In one embodiment, the dimethacrylate crosslinker is a bioabsorbable polymer dimethacrylate, for example PLGA-PEG-PLGA dimethacrylate. In another embodiment, the dimethacrylate crosslinker is ethylene glycol dimethacrylate. The first composition may also include a small molecular weight diol, triol or polyol compound.
A bioactive agent may be included with the first or the second composition. In certain embodiments, the bioactive is an anti-cancer agent, an antithrombogenic agent, an antimicrobial agent, an antibiotic, an antiproliferative agent, an antiinflammatory agent, or an immunosuppressive agent or a combination of at least two of these materials.
Another aspect of the present invention provides method of destroying tissue within the body of a patient. In one embodiment, the method includes combining the composition disclosed herein to form an injectable composition and administrating a therapeutically effective amount of the injectable composition to the patient.
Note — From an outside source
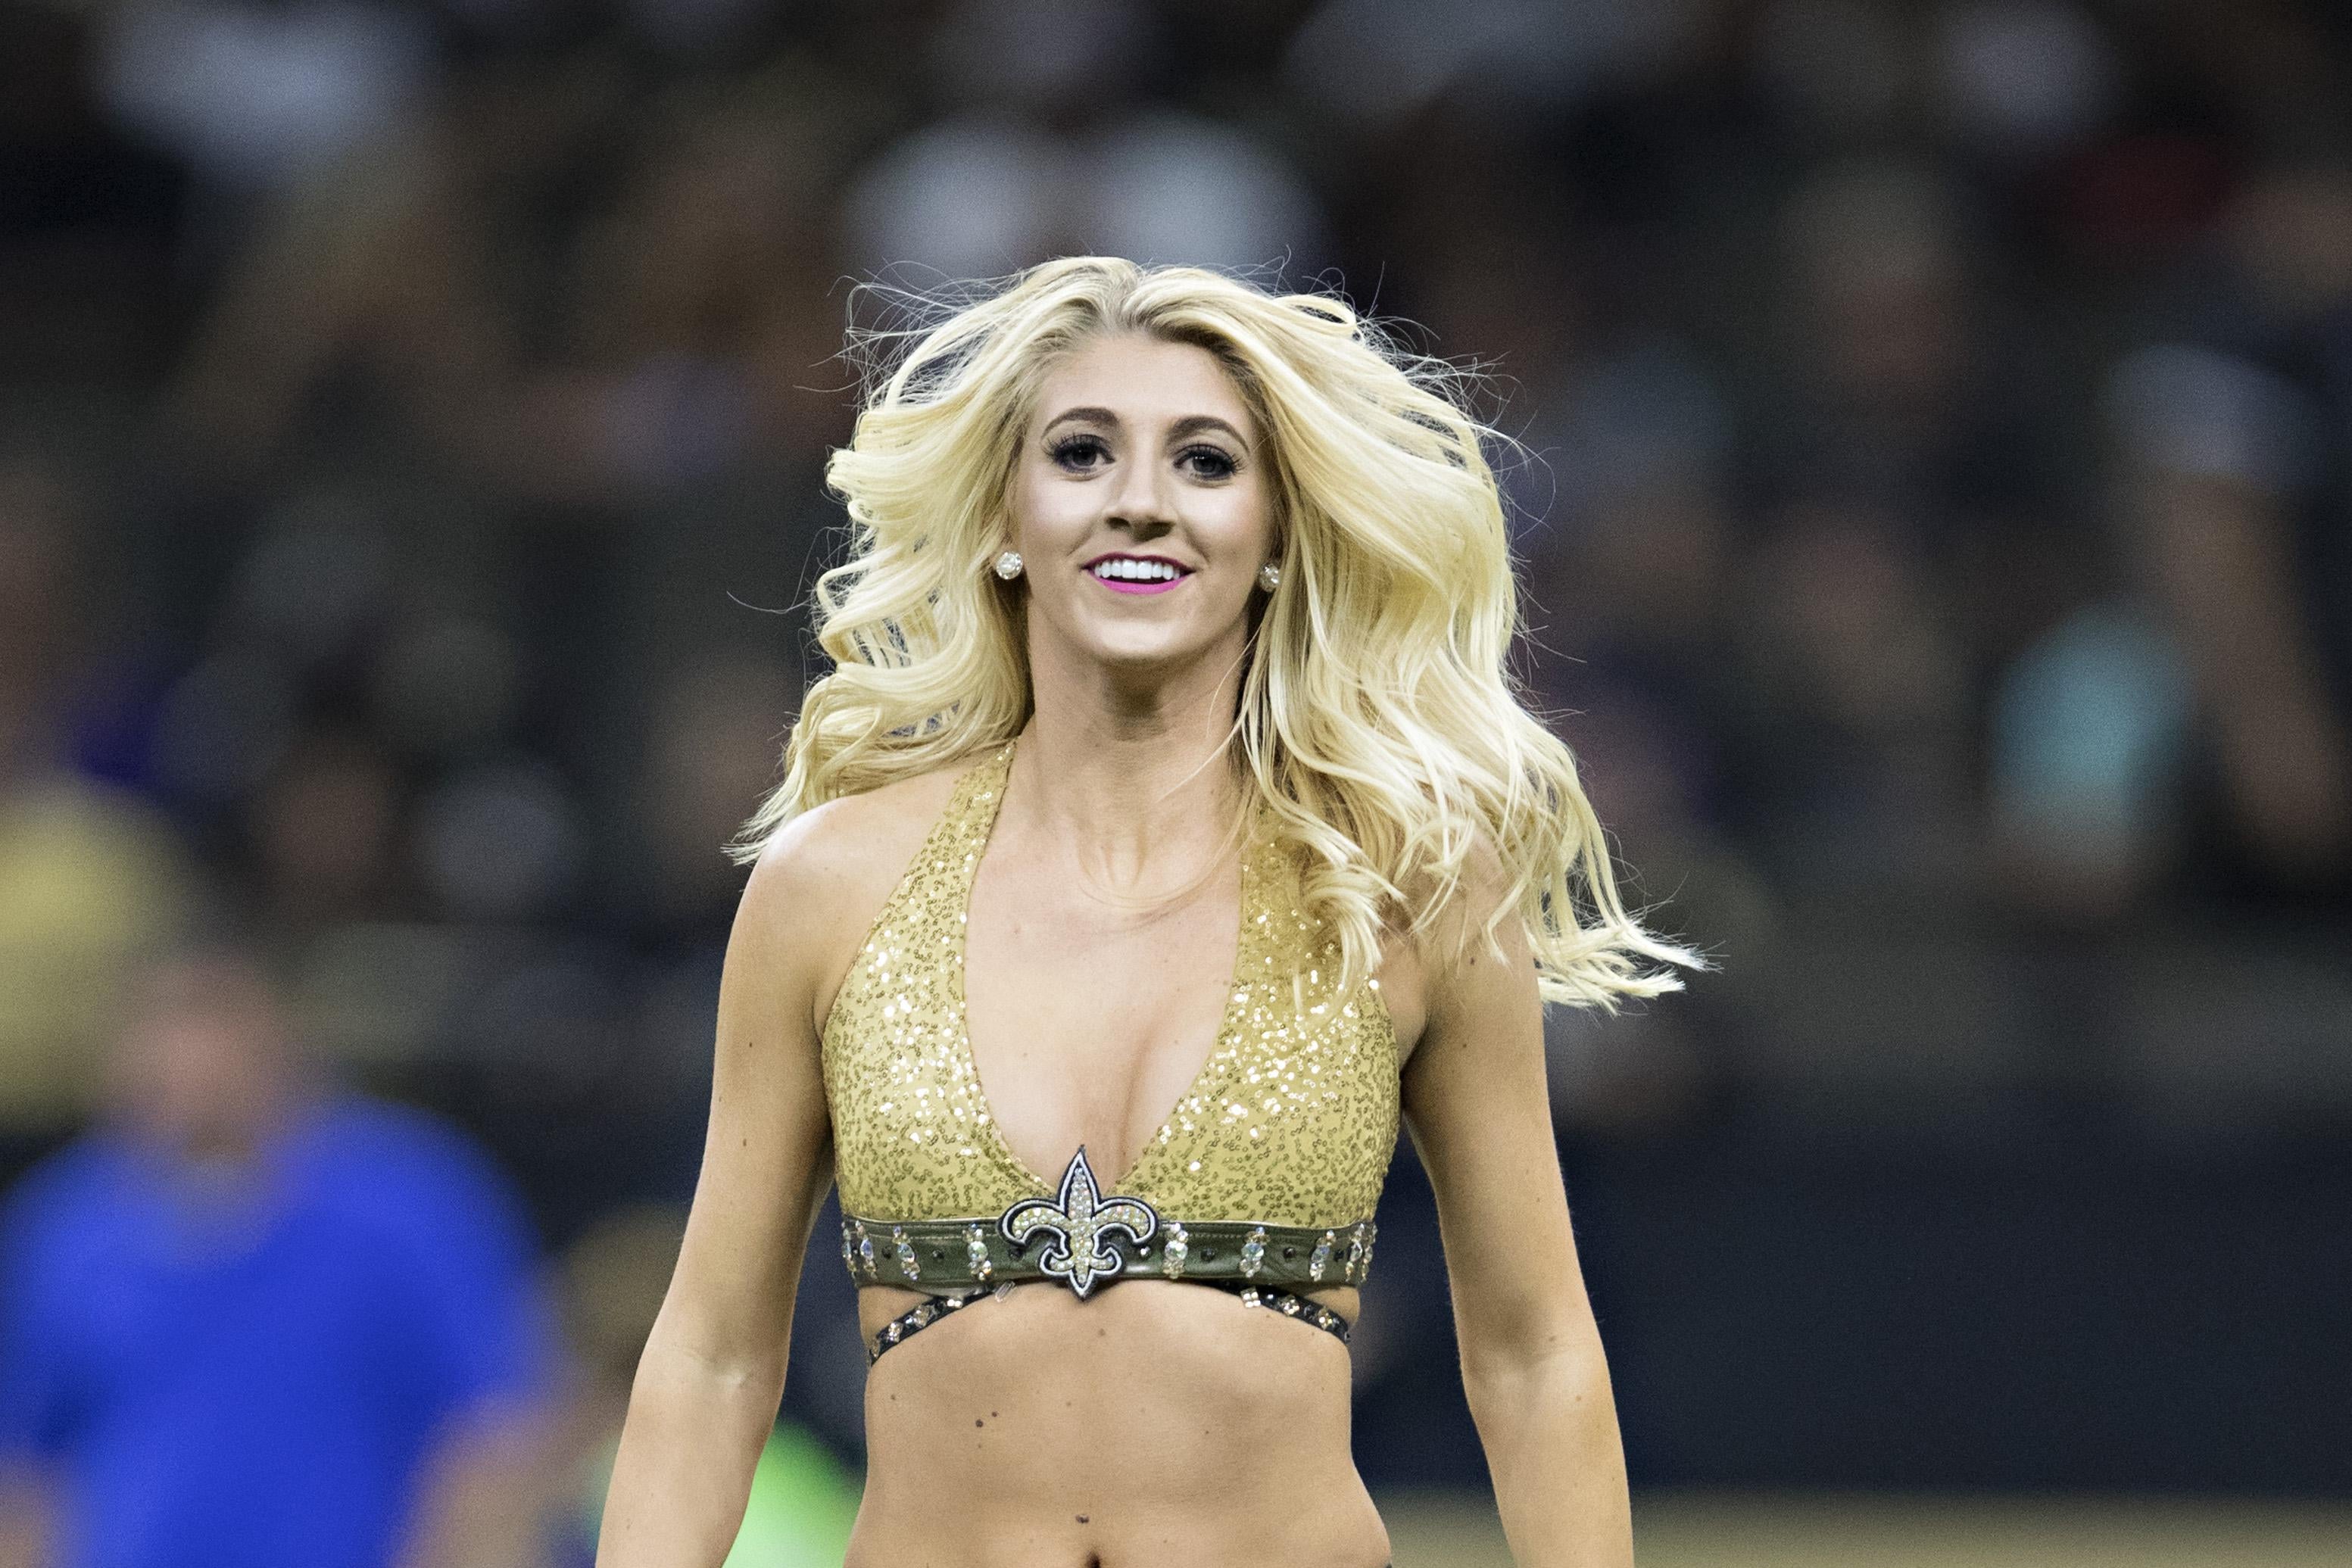 NEW ORLEANS, LA - AUGUST 31:  Saintsations of the New Orleans Saints perform during a preseason game against the Baltimore Ravens at Mercedes-Benz Superdome on August 31, 2017 in New Orleans, Louisiana. The Ravens defeated the Saints 14-13.  (Photo by Wesley Hitt/Getty Images) *** Local Caption ***

The administration may be by, for example, a subcutaneous, an intramuscular, an intradermal, an intravascular or an intravenous route. In some embodiments, the composition is administered within 1 minute of combining the two compositions to form the injectable composition.
The combination of the two compositions may result in an exothermic reaction that raises the temperature of the surrounding tissue to at least 50 deg. C. or at least 60 deg. C. The injectable composition may be delivered directly into the tissue of a cancerous tumor or a begin tumor. The injectable composition may also be administered to vascular vessels supplying the tumor and may form a solid mass within the vascular vessels resulting in at least a reduction of the blood supply to the tumor.
Another aspect of the present invention provides a method of occluding a vascular vessel within the body of a patient. In one embodiment, the method includes combining the compositions disclosed herein to form an injectable composition and administrating a therapeutically effective amount of the injectable composition to the vascular vessel. The vascular vessel may be, for example, a vein.
In some embodiments, the composition is administered within 1 minute of combining the two compositions to form the injectable composition. In other embodiments the injectable composition forms a solid mass within the vessel within seven minutes of combining the compositions.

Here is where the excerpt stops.